L’esercito israeliano intende rimanere a Gaza a lungo termine? Le indicazioni sono in aumento e suggeriscono che il governo Netanyahu abbia messo in moto alcuni aspetti del “piano dei generali” – una strategia volta a svuotare il nord dell’enclave per stabilirvi una zona militare. Gli israeliani stanno già sognando di stabilire degli insediamenti lì, con vista sul mare.
Per Aaron David Miller, ex analista del processo di pace in Medio Oriente presso il Dipartimento di Stato americano, è chiaro che parte del piano dei generali – chiamato anche “piano Eiland” – è stata attuata. “Non ci sono dubbi”, dice. Dovere.
Il controverso piano – elaborato e reso pubblico a settembre da generali israeliani in pensione – prevede l’espulsione degli oltre 200.000 civili palestinesi rimasti nel nord dell’enclave e il loro spostamento a sud del corridoio di Netzarim, una striscia militarizzata, 4 largo km e lungo 7 km, costruito nei mesi scorsi dalle forze israeliane per separare in due la Striscia di Gaza.
Secondo questo piano, nel nord verrebbe creata una zona militare chiusa, che comprenderebbe circa un terzo del territorio dell’enclave. Tutte le consegne di aiuti umanitari, cibo, acqua e benzina verrebbero quindi interrotte per forzare la resa dei militanti di Hamas e lo sfollamento dei civili.
Vogliono creare colonie. Lo dicono, lo fanno e [les gouvernements occidentaux] fai finta di non capire.
Secondo il giornalista palestinese Asri Mohammed Ahmed Fayadh, il blocco attualmente imposto dalle forze israeliane attorno alle aree di Beit Hanoun, Beit Lahia e al campo profughi di Jabalia, nel nord dell’enclave, costituisce la prima fase di questo piano. Dal 5 ottobre non sono stati consegnati praticamente aiuti umanitari, acqua o cibo e gli ordini di evacuazione si sono moltiplicati. La seconda fase sarebbe quella di svuotare Gaza City, prevede.
“La creazione di questa zona vuota rafforzerà la sicurezza delle comunità israeliane di Sderot e Ashkelon”, situate alla periferia di Gaza, analizza Dovere. Se attuato, questo rimodellamento della mappa di Gaza, “secondo i desideri israeliani”, porterà ad una “sovrappopolazione massiccia” del sud dell’enclave, continua.

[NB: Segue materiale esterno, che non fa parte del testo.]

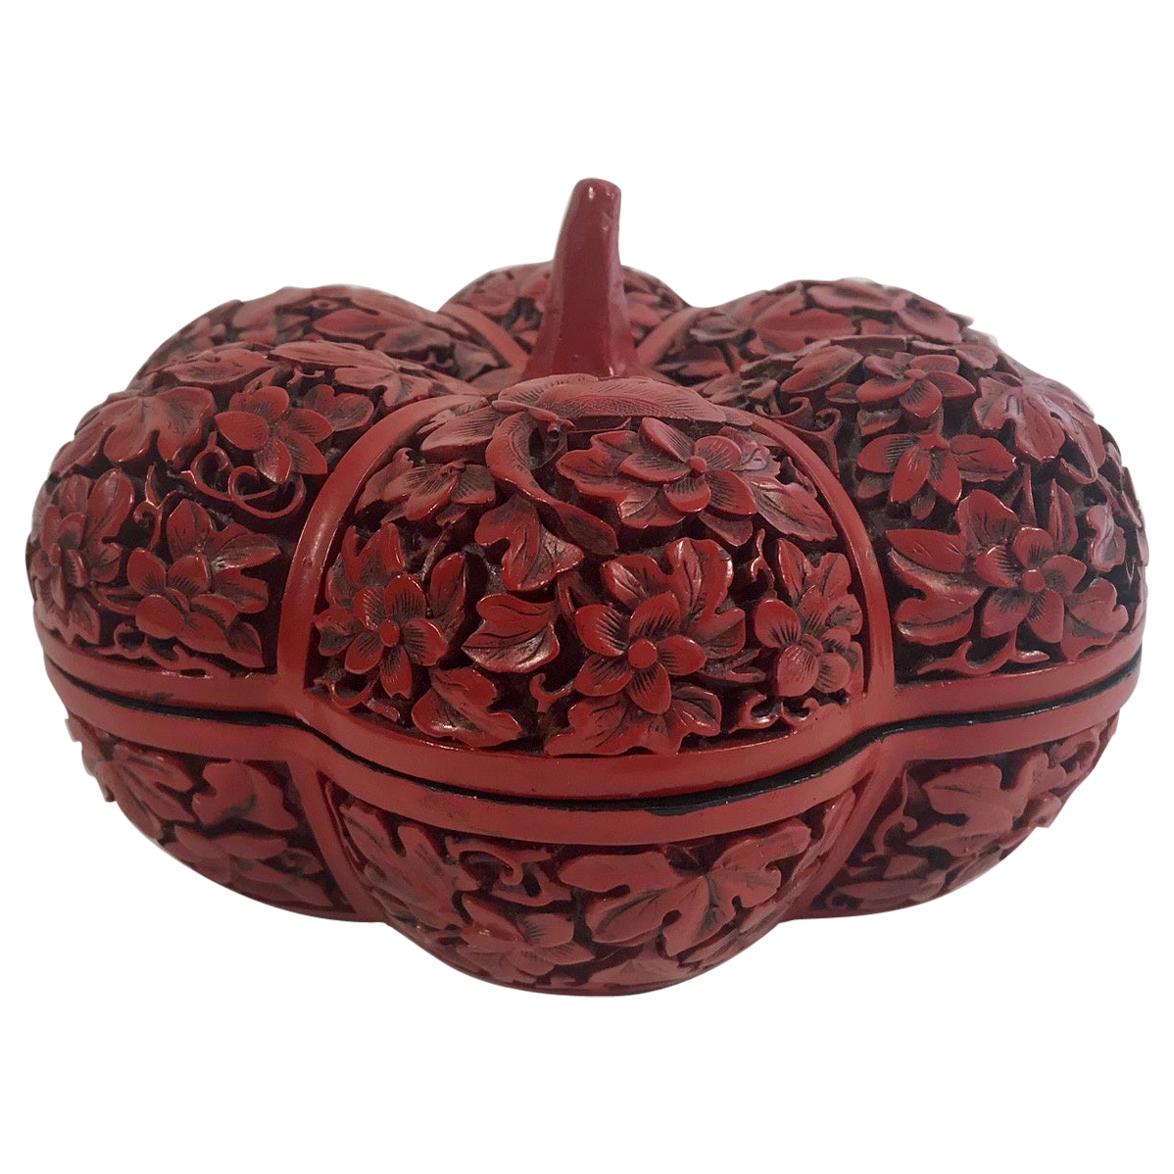 Vintage Chinese Carved Cinnabar Red Lacquer Box, Republic Period

Questo piano, nato “dalla follia vendicativa avvenuta dopo il 7 ottobre 2023”, giorno in cui i militanti di Hamas sono comparsi in Israele per uccidere più di 1.200 persone, rappresenterebbe “l’evento più importante in termini di cambiamento demografico dal 1967 in poi”. è allarmato, riferendosi all’esodo di 300.000 palestinesi (chiamato Al-Naksa – o la ricaduta) in seguito alla guerra dei Sei Giorni.
“C’è voglia di restare”
Anche se dubita che Israele riuscirà a svuotare tutta la parte settentrionale di Gaza, l’ex consigliere e negoziatore americano Aaron David Miller ritiene anche che l’esercito israeliano non lascerà l’enclave. “Ma non sappiamo ancora a quale livello [elle va maintenir sa présence]. »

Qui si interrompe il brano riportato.